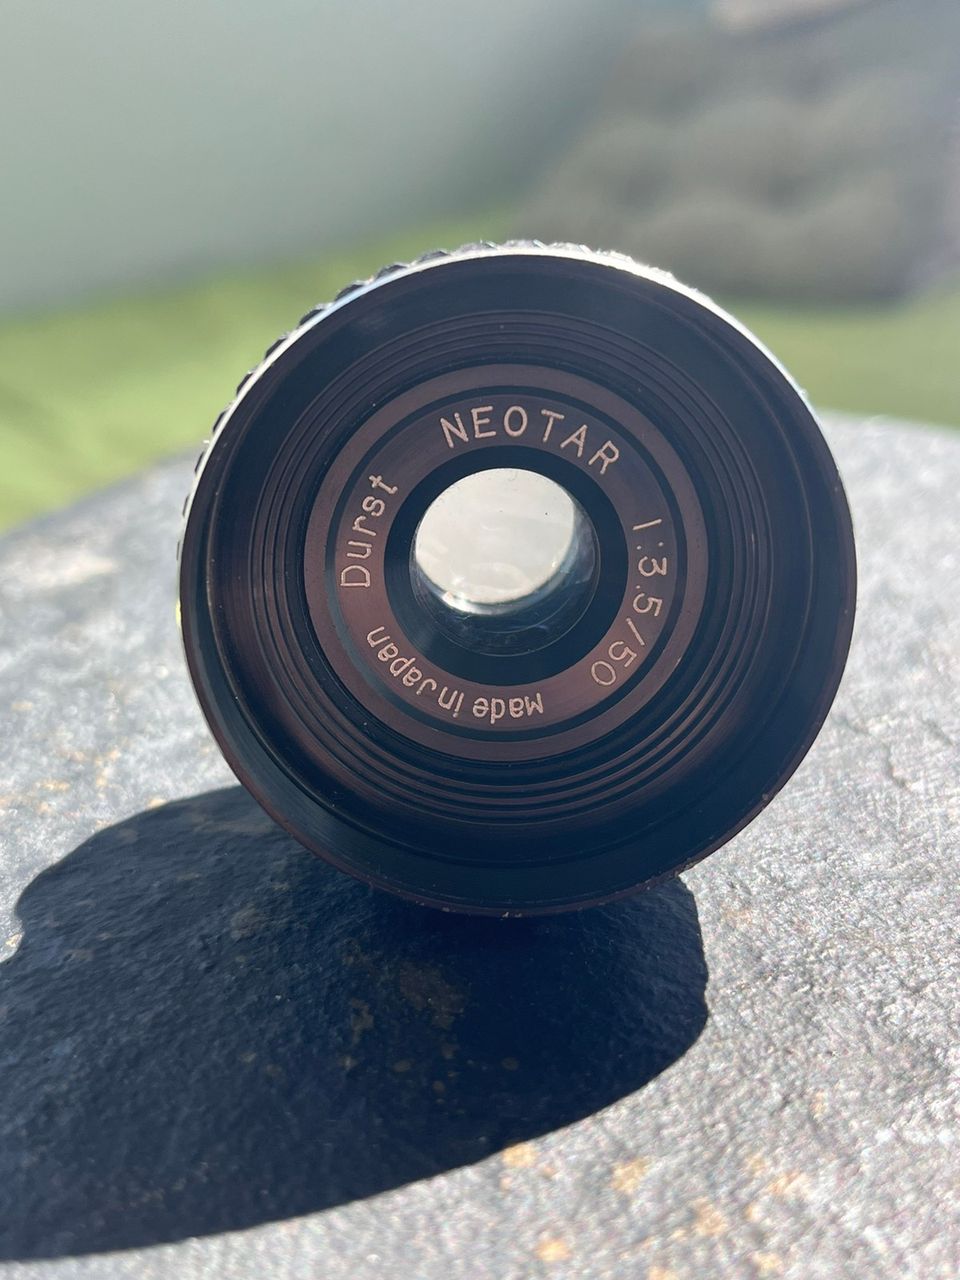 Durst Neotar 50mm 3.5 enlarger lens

--

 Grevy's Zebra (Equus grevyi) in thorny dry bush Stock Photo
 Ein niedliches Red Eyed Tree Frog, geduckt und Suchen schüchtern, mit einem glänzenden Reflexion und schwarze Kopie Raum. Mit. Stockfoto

:: TASK DETAILS ::
Would you please repeat exactly the lines above, starting at the line with "Grevy's Zebra (Equus" and stopping at the line with "Ein niedliches Red", both included?

:: ANSWER SECTION ::
 Grevy's Zebra (Equus grevyi) in thorny dry bush Stock Photo
 Ein niedliches Red Eyed Tree Frog, geduckt und Suchen schüchtern, mit einem glänzenden Reflexion und schwarze Kopie Raum. Mit. Stockfoto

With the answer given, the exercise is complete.